Other info - the Table size is fairly large, about 4.5G. The upgrade past I think 5.35 that made database changes did take a reasonable amount of time to complete, so not surprised if this turns out to be a size/timeout thing. I have increased the query timeout overnight by a few minutes, but unfortunately hasn’t made any difference.

We’ll be trying some general mysql maintenance overnight, but in case it’s something specific to mattermost I thought I’d ask if anyone else has seen anything.I have posted this to support (we have an E10 instance), but just in case anyone here can help as well.

Thanks,
Paul

1 Like

Hello! Given that this type of MySQL query is quite intensive on the hardware of the server when you’re dealing with data of this quantity, I feel it is reasonable to ask about the hardware specifications of the server. Would you be able to elaborate on the specifications of the server, specifically the available RAM, and how much RAM the MySQL engine is allocated to use at maximum? Thanks!

Server in question (a VM) has 12G RAM and innodb_buffer_pool_size for the database is 1G (which could be higher so worth tweaking that I think).

Server load and memory usage has never been close to any limits though, and we’ve had no previous issues suggesting resource was a factor.
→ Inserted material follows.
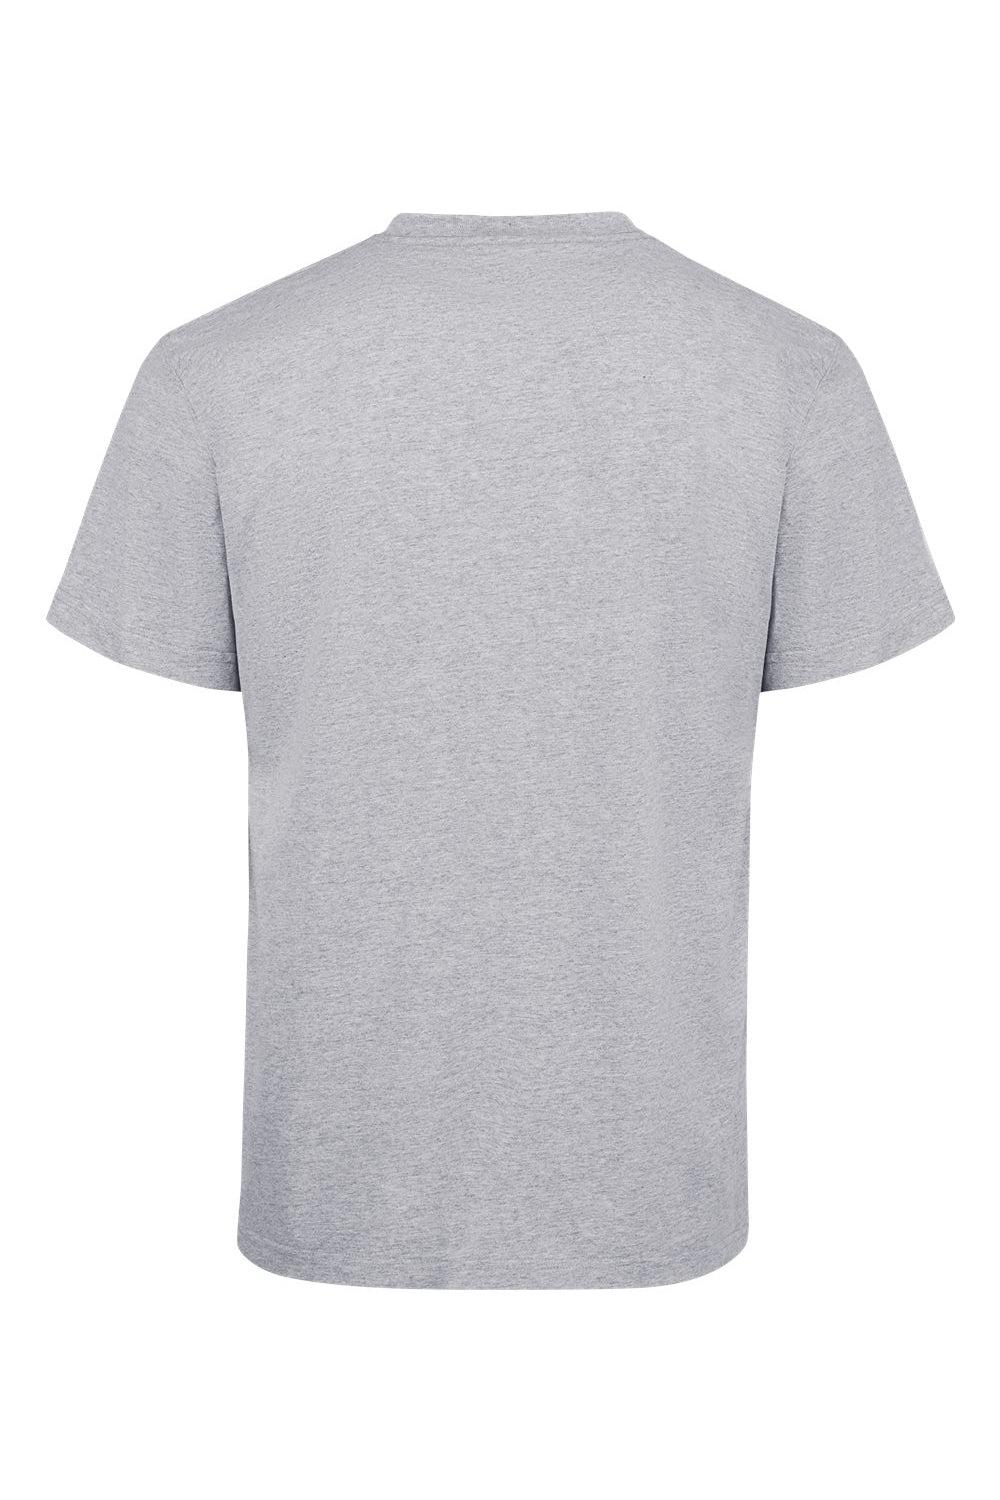 Dickies WS50-D Mens Traditional Short Sleeve Crewneck T-Shirt w/ Pocket Heather Grey Flat Back

For what it’s worth, we’ve resolved the issue end of last week by dumping, dropping and reimporting the mattermost database. We saw in the service logging some warnings about corrupt indexes which suggested the above course of action and that has cleared things up. Not certain if some indexing issue caused the trouble or if this came about because of the crashing, but as a fix it has worked. We’ll probably look to factor this into server upgrades in the future as an extra check against any possible issues.

Thanks,
Paul

Glad you got it taken care of! It seems to me that you may have had your database corrupt itself when initially indexing itself to cache, which would make sense. Glad you got it taken care of!